Copy out the data in full and exactly, passing over the pictures.

# Source data
----

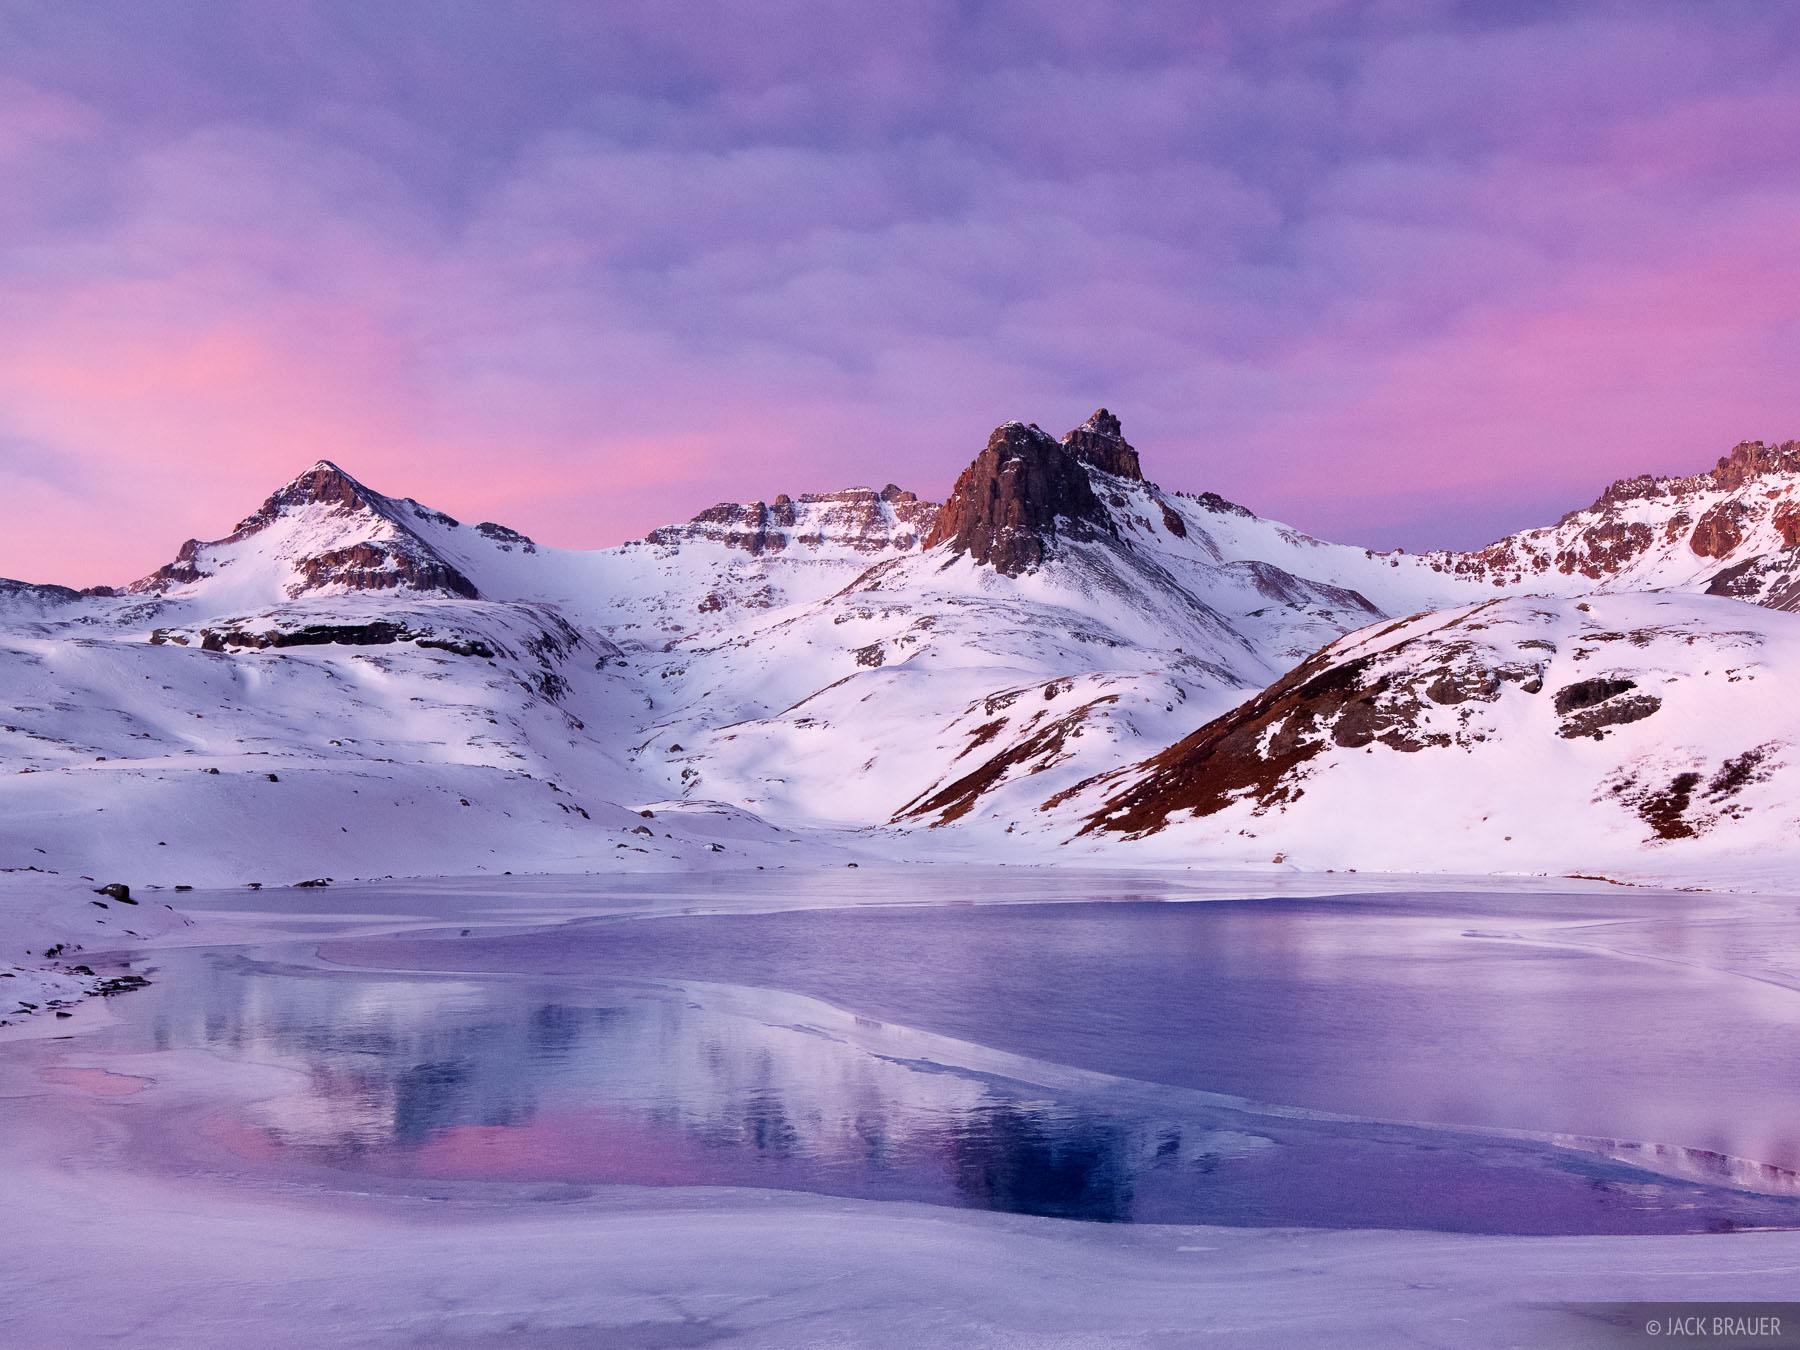 Ice Lakes Basin, sunrise, San Juan Mountains, Colorado, photo
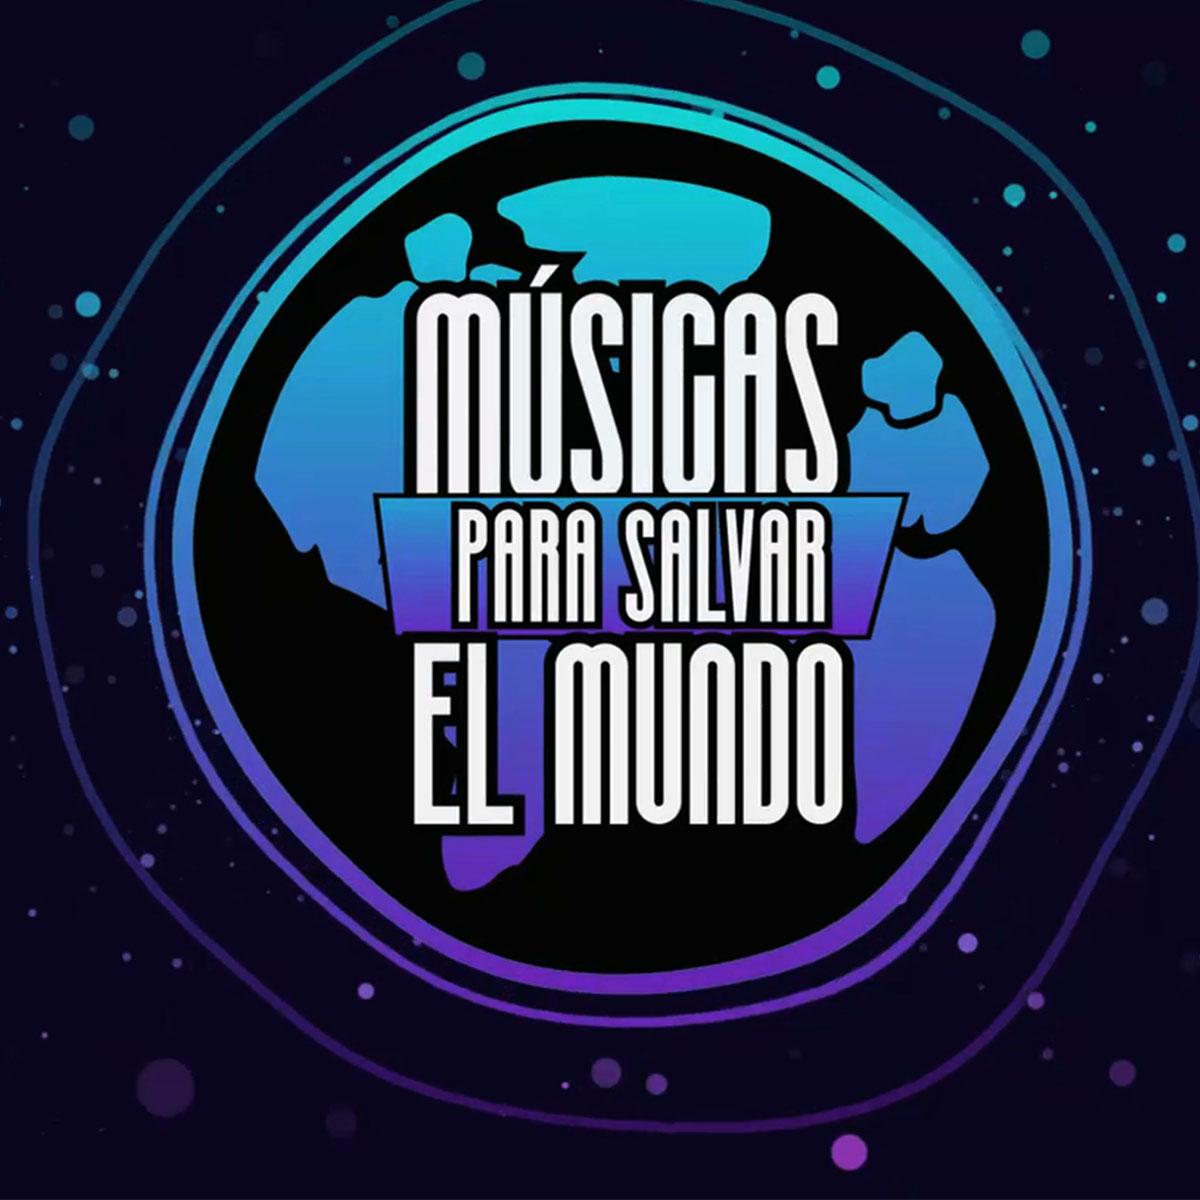 Musicas para salvar el mundo 1
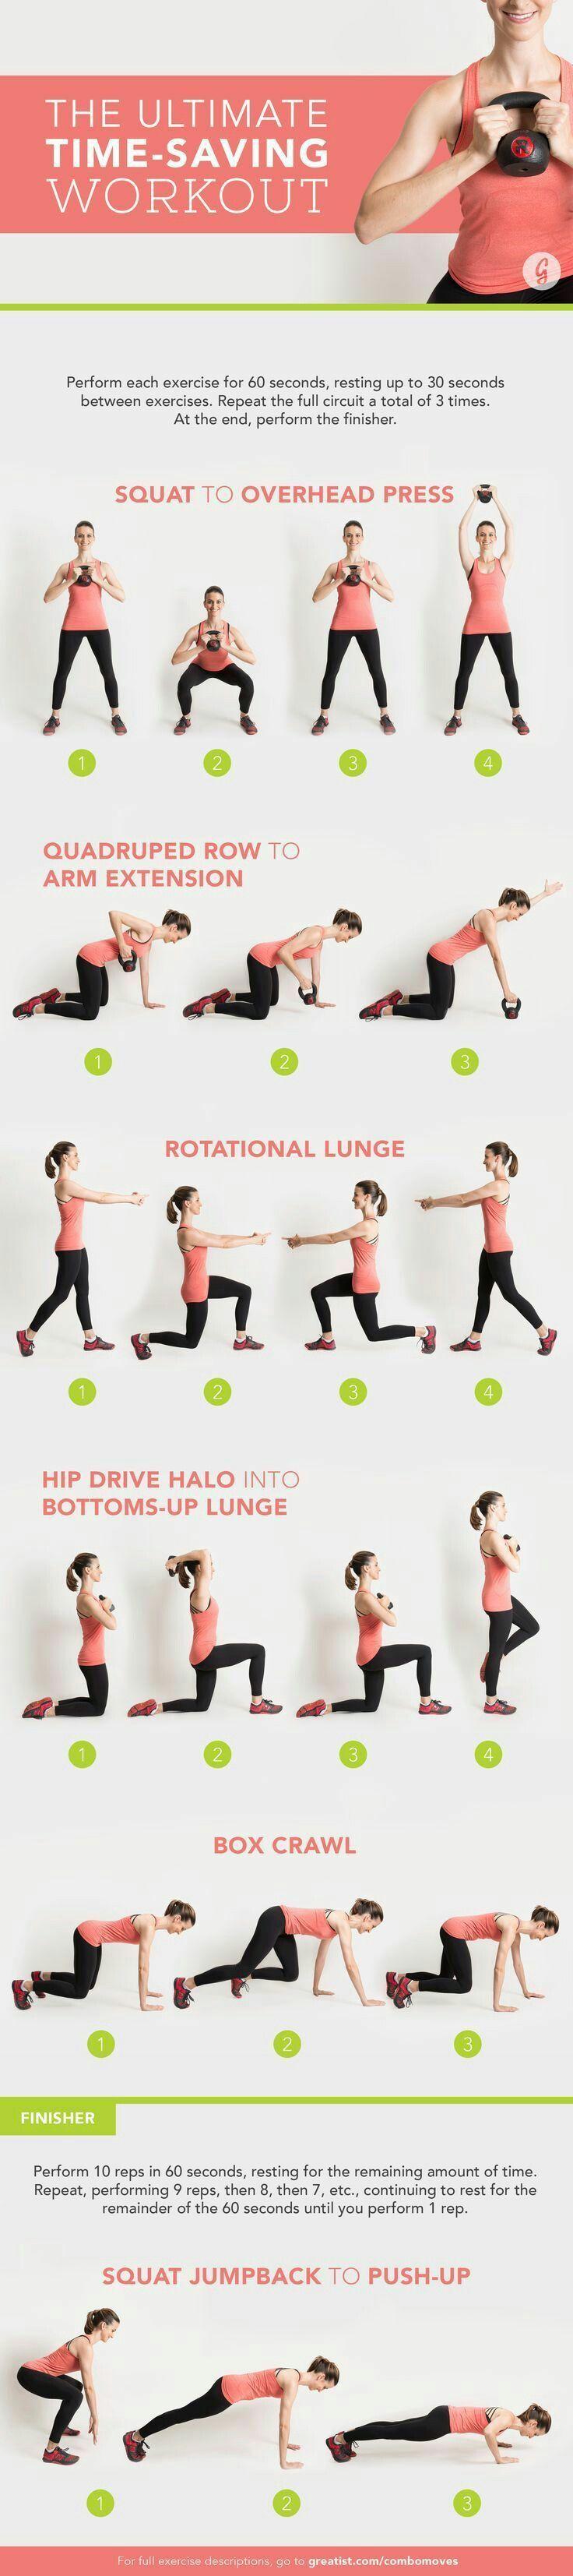 time saving workout routine

----

# Output for this exercise
 Ice Lakes Basin, sunrise, San Juan Mountains, Colorado, photo
 Musicas para salvar el mundo 1
 time saving workout routine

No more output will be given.